Кобыла споткнулась, и Элиан тут же пришла в себя. На мгновение память отказала ей, и она стала лихорадочно озираться вокруг. Кобыла, ощутив замешательство хозяйки, остановилась на поляне и принялась щипать траву.

Элиан спрыгнула на землю. Позади нее высилась огромная скала, с вершины которой бурно падала вода прямо в заводь у ее подножия. Кобылка осторожно вошла в воду, фыркнула и стала пить. Спустя мгновение Элиан последовала ее примеру. Но перво-наперво сняла с лошади удила, сбрую, седло, а затем уже опустила лицо в воду и принялась пить.

Кобылка ухватила губами ее волосы. Элиан отвела от себя мокрую морду, засмеявшись, когда вода попала ей за шею. С внезапной безрассудностью она вдруг окунула голову в заводь, подняв облако ледяных брызг. Сон тотчас улетучился, и его место занял голод.

Седельные сумки оказались полнехоньки. Элиан нашла в них вино, сыр, свежий хлеб, фрукты, мясо и пакетик медовых леденцов. Увидев леденцы, она засмеялась, но потом резко оборвала смех. Кто, кроме Хала, вспомнил бы об этой ее слабости? «Он знает меня лучше, чем я сама». Между тем кобылка облюбовала заросли папоротника и перестала обращать на хозяйку внимание. Элиан как следует подкрепилась, запив завтрак вином. Солнце согрело ее мокрую голову. Она прилегла на сладко пахнущую траву и закрыла глаза.

Приснившийся ей сон поначалу казался солнечным и безмятежным. Ей привиделась женщина в саду под солнцем. На женщине было обыкновенное белое одеяние жрицы Хан-Гиленского храма, волосы ниспадали на спину, крученое ожерелье золотилось на шее. В ее черных волосах белым пятном выделялся цветок.

Женщина с редкой грацией изогнулась, пытаясь воткнуть в волосы еще один цветок, и Элиан увидела ее лицо, поразительное лицо чужестранки, по-орлиному острое и очень темное лицо женщины с севера. На груди у нее красовался золотой диск Высшей Жрицы Аварьяна.

По тропинке прибежал мальчик в рубашке и штанах, которые не мешало бы постирать, его нестриженые кудри совсем спутались.

— Мама, пойди посмотри! Быстроножка принесла жеребенка, он весь белый, а глаза голубые. Конюх сказал, что это дьявольское отродье, а приемный папа сказал, что это чепуха. Я тоже сказал, чепуха. В нем нет ничего темного, кроме непонятных жеребячьих мыслей.

Конюх хочет отдать жеребенка храму. Пойди и посмотри на него!

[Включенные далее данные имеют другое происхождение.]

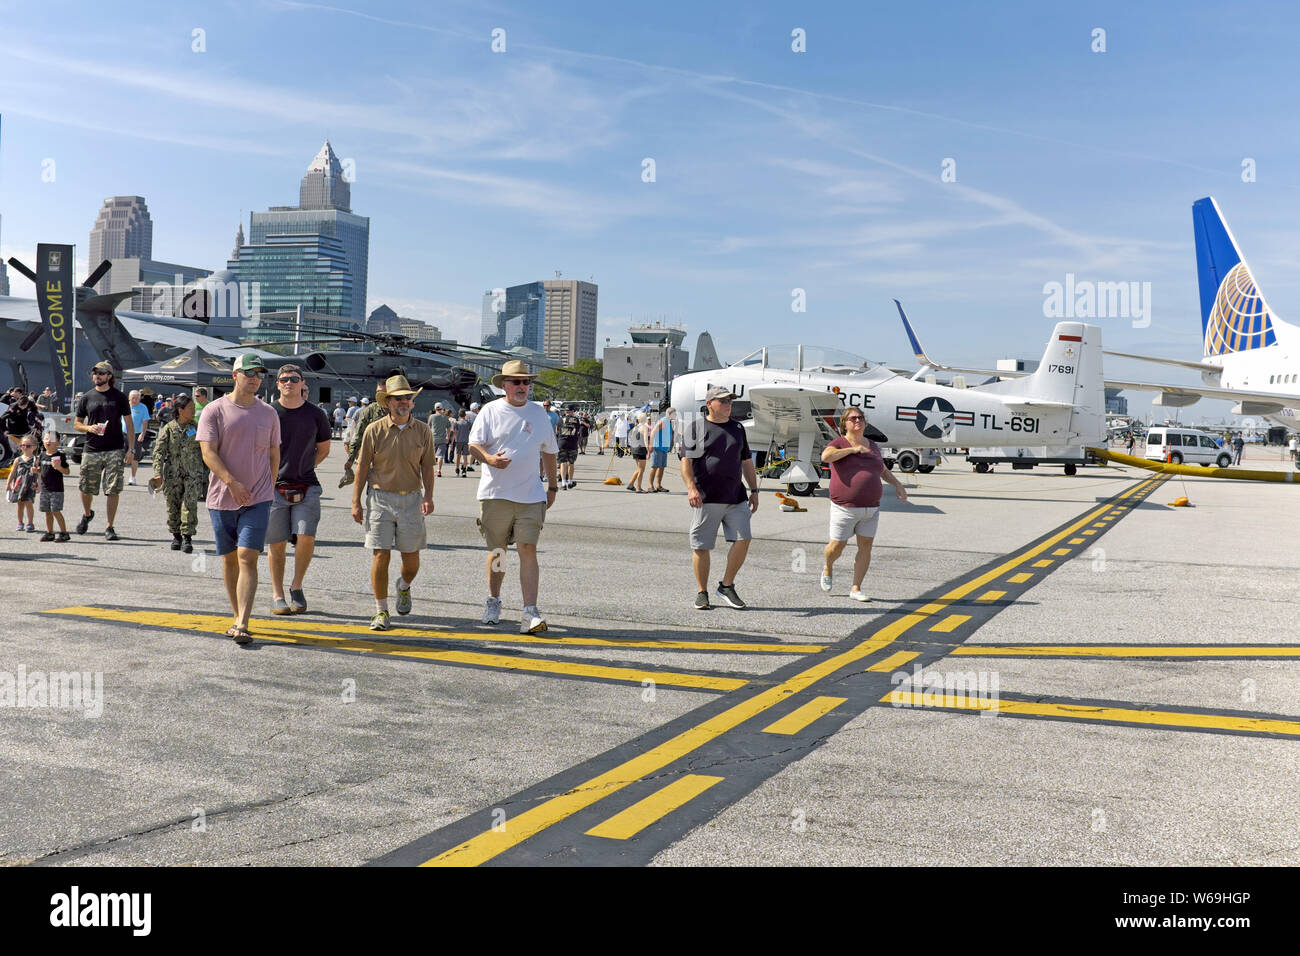 People attend the 2018 Cleveland National Air Show at Burke Lakefront Airport over the Labor Day Weekend in Cleveland, Ohio, USA. Stock Photo

Жрица рассмеялась и пригладила его взлохмаченные волосы. Лицо мальчика было такое же смуглое, как у нее, такое же поразительное, с такими же огромными черными глазами.

— Приди и потребуй жеребенка, ты хочешь сказать. Именно такого белого боевого коня ты и хотел, не так ли?

— Не для меня, — возразил ребенок. — Для тебя. Для лучшей наездницы в мире. — Подлиза.

Все еще смеясь, она позволила ему подтолкнуть себя к воротам сада.

Они внезапно распахнулись. Мать и сын остановились. К ногам жрицы бросился человек. Одеяние и лицо выдавали в нем простолюдина, земледельца Хан-Гилена, к ногам его пристали комья земли.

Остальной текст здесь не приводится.